The last event I want to mention is the CalArts Fall Open House, being held on Saturday, October 18th. Alumni and staff from the world-renowned school will host a reception and discussion regarding its programs and admission requirements. This is an awesome way for prospective students to meet some of the leading artists and instructors in animation. With the large number of CalArts graduates at Pixar, while I don't know for sure, I can't help but think there will some at this event. Registration for it will begin on October 1st.

Tickets for these events may run out, so if you're planning on going you should buy them sooner rather than later!

Monday, September 1, 2014

This Day in Pixar History: Pixar Earnings Report, 1st Quarter 1998


© Pixar

I'm back with another look at Pixar's earnings from when they were a standalone company. In my continuing series, this post will look at their first quarter 1998 earnings report, which was announced after the market closed on Thursday, April 23, 1998. At this time, little money was flowing in but the company was busier than ever. 3 films were in different stages of development - A Bug's Life, which would be released later in the year, Toy Story 2, which in February, 1998, had been upgraded to a theatrical release (from a direct-to-video sequel), and Monsters, Inc. (officially referred to as "Film 4") was in early development.

© Pixar
Film revenue from Toy Story home video and merchandise was $4.0 million vs. $6.3 million in the same quarter of 1997. Through the end of March, 1998, Pixar had received just shy of $50 million from Toy Story. Given that the film made $362 million worldwide plus the hundreds of millions more in home video and merchandise sales, it's obvious why Pixar pushed for the Co-Production Agreement, where Pixar and Disney would share equally in all costs and revenues (versus the approximately 10% - 15% it was receiving in accordance with the original Feature Film agreement).

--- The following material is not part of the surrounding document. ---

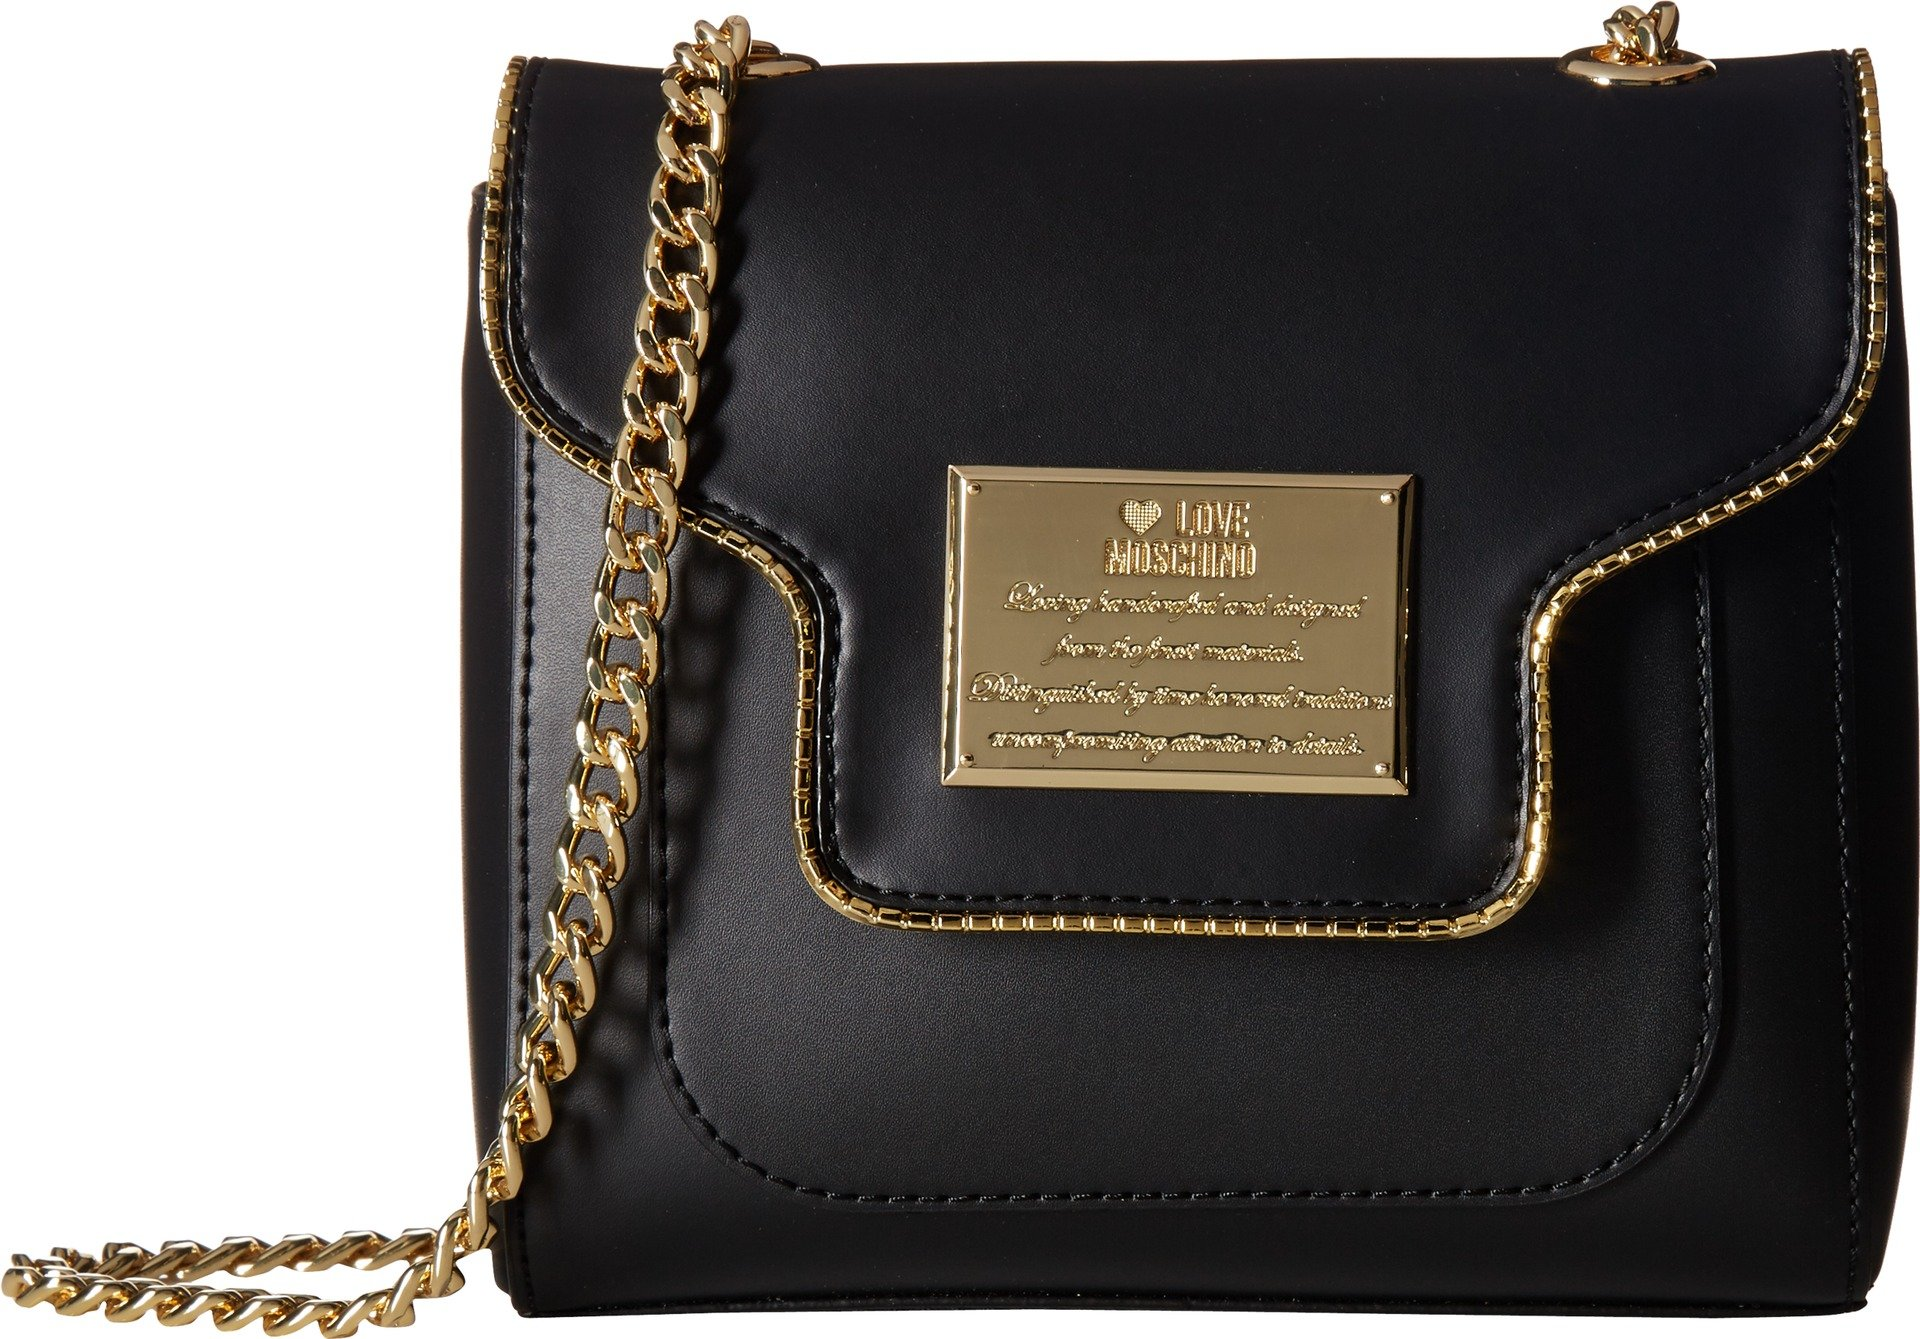 LOVE Moschino Women's Plaque Flap Crossbody Black Crossbody Bag
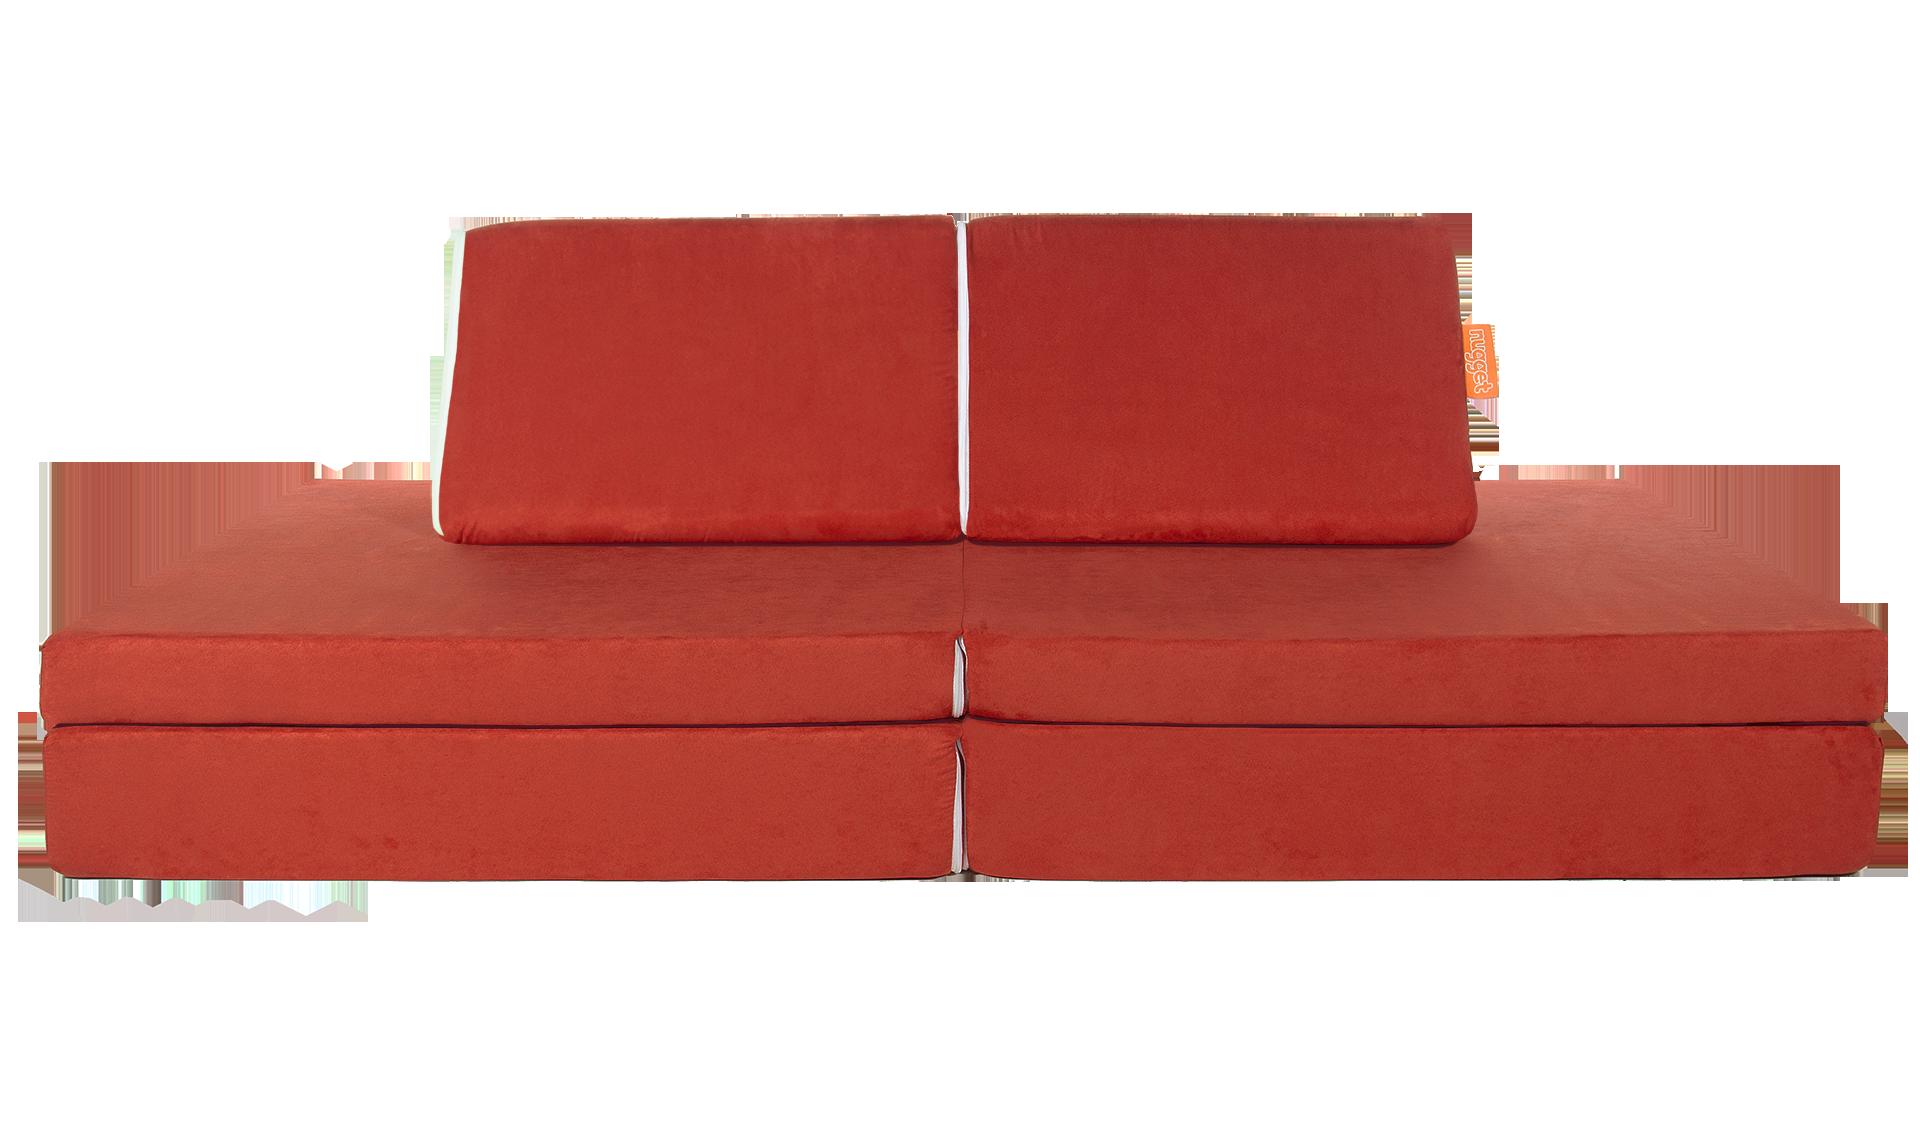 Popular blue | Kids chairs, Kids playroom furniture, Kids sofa

Even though the Animation Services department was shut down in 1997 to reassign its artists to A Bug's Life and Toy Story 2, the segment generated $171,000 in revenue due to royalties from their Toy Story CD-ROM interactive games. Software sales of RenderMan generated another $673,000 and patent licensing brought in $117,000, to bring total quarterly revenues to just shy of $5 million versus $7.9 million in 1997. While revenue in 1998 was lower, gross margins actually improved from 92.8% in 1997 to 98.5%! This was due to the lack of any film-related expenses - all costs from the production of Toy Story had already been accounted for. In addition, Pixar was capitalizing almost all development costs for its upcoming films, so while it was showing up on the cash flow statement (in the sum of $7.5 million), it wouldn't actually impact the income statement until it could be offset against the revenue of the upcoming film releases.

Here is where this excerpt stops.